In Tennessee, Governor Bill Lee gave his State of the State address that touched on several core priorities that have been advanced by TennesseeCAN, including $750 million for a new student-based funding formula, $500 million for career and technical education, $25 million to continue summer learning camps and $32 million for charter school facilities. Providing direct aid to families, another key priority for TennesseeCAN, was filed as SB2389.

In the Peach State, progress continues toward expanding students’ right to choose the education system that works for them, with one of GeorgiaCAN’s ESA bills, HB60, passing out of the House Education Committee.

NewMexicoKidsCAN’s Amanda Aragon made the case that with New Mexico spending an additional $3,000 per student this year, the state has the necessary resources to ensure budget transparency, restart student assessments and provide students with additional learning time.

The team at Transform Education Now fought for the creation of a new, bilingual elementary charter school in the Adams 14 district.
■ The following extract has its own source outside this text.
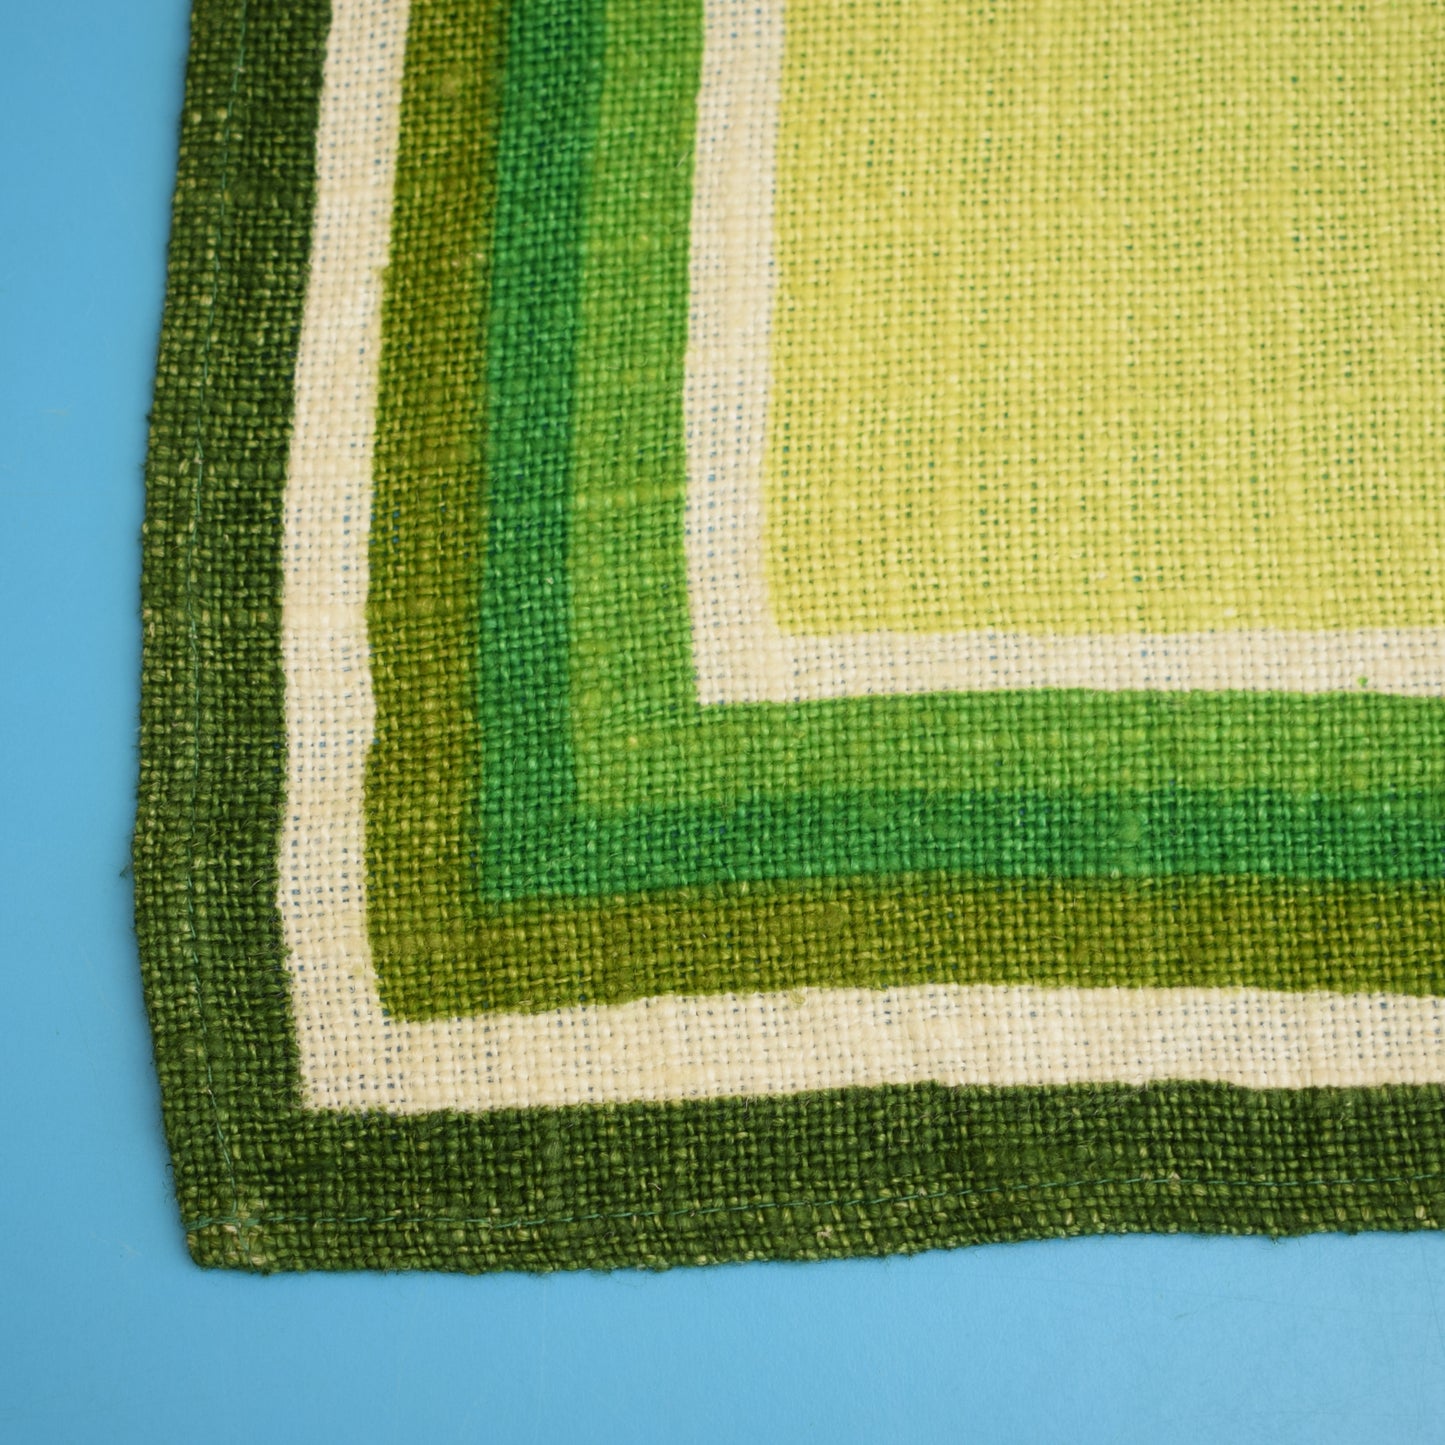 Vintage 1970s Pair Of Linen Placemats - Green

This new option for families was approved by the school board after a close vote.

50CAN President Derrell Bradford participated in a debate on school choice and public education on C-SPAN. “The idea that the place where you live—and the zone around that place where you live—are the things that fund your school is fundamentally zero-sum,” Derrell argued. “The mindset is: MY house, MY taxes, MY school.”

Key Resources

Chalkbeat’s Matt Barnum investigates how the $190 billion of federal funding is being spent by districts, and finds that district plans vary in detail and that state and national data are limited.

Thomas B. Fordham Institute’s Chester Finn argues in Education Next that the rising desire from parents for dramatic change is grounded in the public education system’s failure to innovate. 

Reconstruction’s Kaya Henderson announced a new package of online classes for Black History Month, focused on “bringing the beauty of Black culture, Black genius, Black excellence and Black history to students in a space where they can be unapologetically themselves.”

Education Week suggests that pandemic learning loss is not only worse than expected, but that the academic slide is continuing even now. 

FutureEd continues their look at how districts are spending federal stimulus funds, finding that the biggest trends are in boosts to teacher salaries and upgrading HVAC systems.

US Secretary of Education Miguel Cardona spoke on his current priorities, including addressing expanding achievement gaps for students of color.

Moment of Resilience

Dominique Foster, the 2022 Washington DC Teacher of the Year, shared a photo of Pre-K students dressed up as the doctors of the future in celebration of Black History Month. Foster, a teacher at Friendship Public Charter School, is beloved by her students and administration. “Working with some of our youngest scholars, you really have to find creative ways to bring them in and engage them in the learning,” her principal, Gregory Spears, told the Washington Post. “That’s never a question as you walk through her space.”